The incidence of leukemia was remarkably high in our mouse colony (10/15 (67%) animals in generation x, 7/17 (41%) animals in generation x + 1). It is possible that this high susceptibility for leukemia is unique to our breeding group due to the establishment of unknown mutations after multiple generations of breeding or an undetected infection with a pathogen not covered by hygiene monitoring based on FELASA recommendations (e.g., murine leukemia virus) which, however, detected no pathogens in our facility. Nonetheless, neoplastic changes, especially of hematologic origin, have been described in association with primary immunodeficiency in mice as well as human patients (Chiu et al. 2002; Huang et al. 2011; Verhoeven et al. 2018). This elevated risk of neoplasia might be based on impaired anti-tumor immune responses caused by lymphopenia. Additionally, protein defects that cause immunodeficiency often play vital roles in DNA repair mechanisms or other mechanisms relevant for tumorigenesis and therefore might promote tumor development (Hauck et al. 2018). Furthermore, expression of catalytically inactive RAG1 has been shown to accelerate progression of chronic lymphocytic leukemia in a leukemia-prone mouse line (Nganga et al. 2013).
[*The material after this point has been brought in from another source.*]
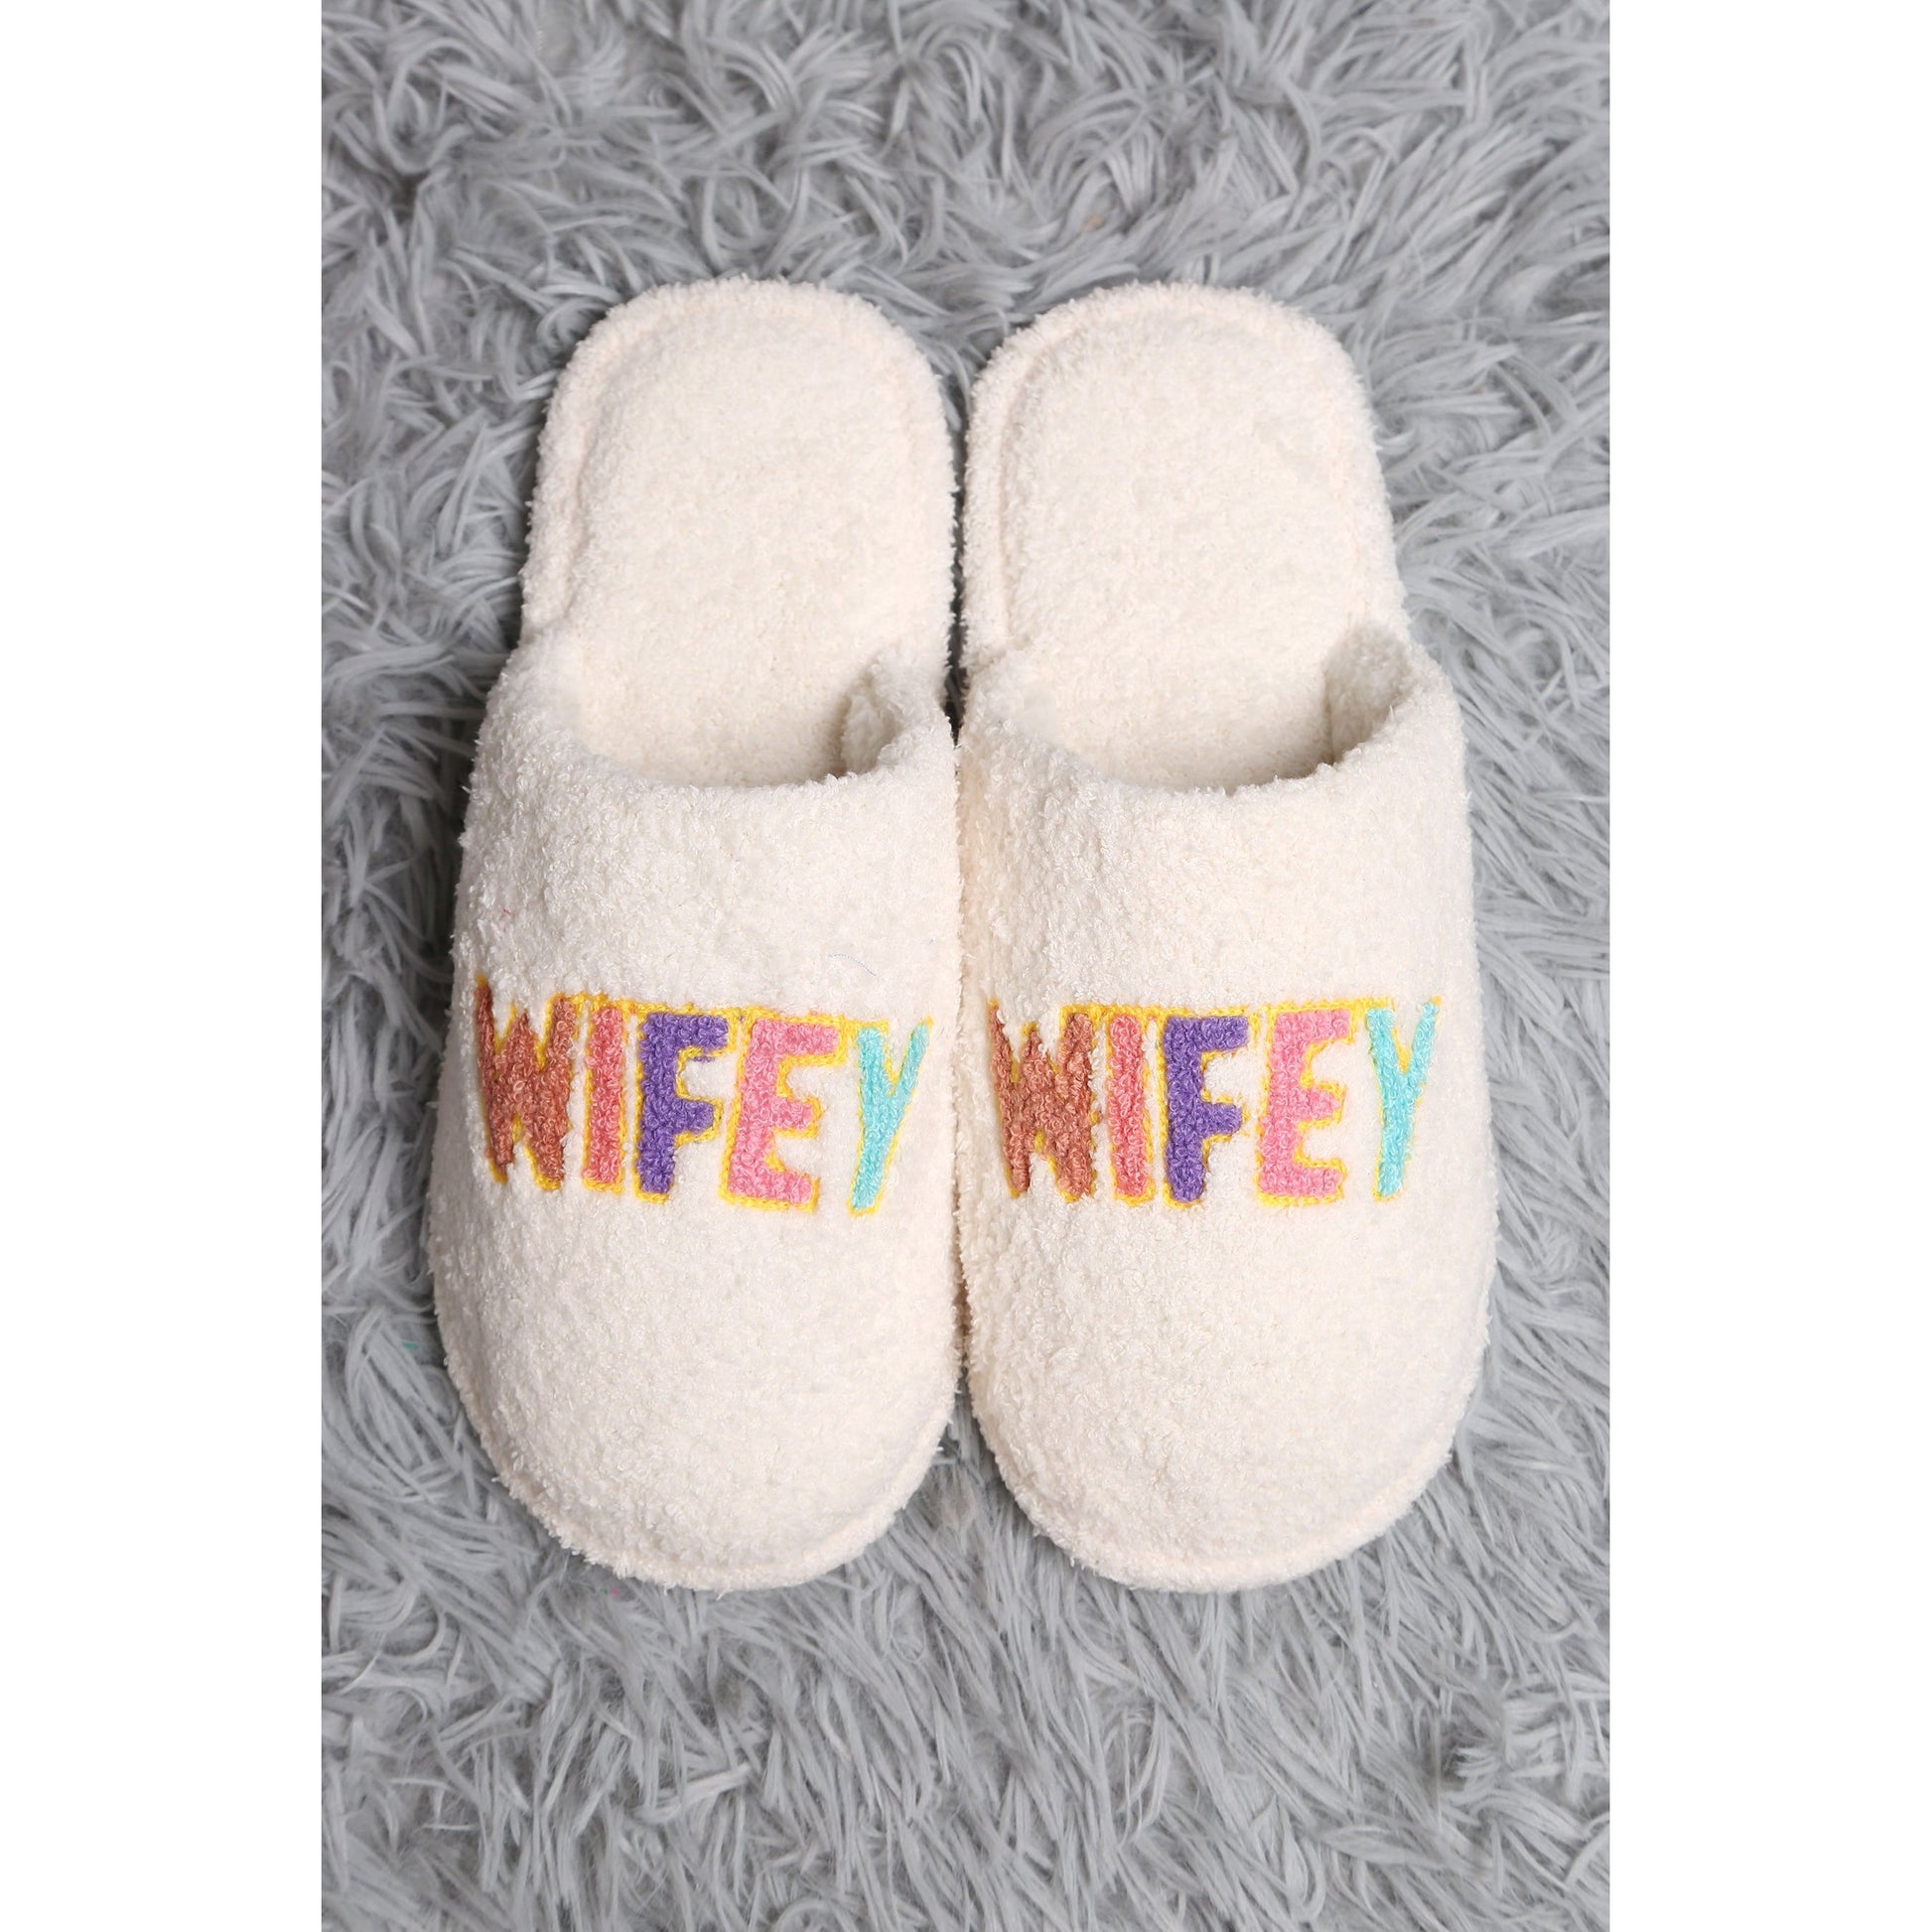 Wifey Embroidered Slipper - Desert Dreams Boutique

We therefore assume that spontaneous development of leukemia in RAG1-deficient mice is also likely in other breeding colonies. Awareness of this circumstance is the prerequisite for avoiding animal suffering by striving for early diagnosis and euthanasia before symptom onset. Furthermore, experimental data obtained from RAG1-deficient mice might be affected by undetected development of leukemia. Monthly sampling of small amounts of peripheral blood (< 50 µl) proved effective in our colony to identify leukemia development in early stages before noticeable animal suffering occurred. We therefore recommend to consider regular blood sampling as soon as RAG1-deficient mice reach ages higher than 6 months.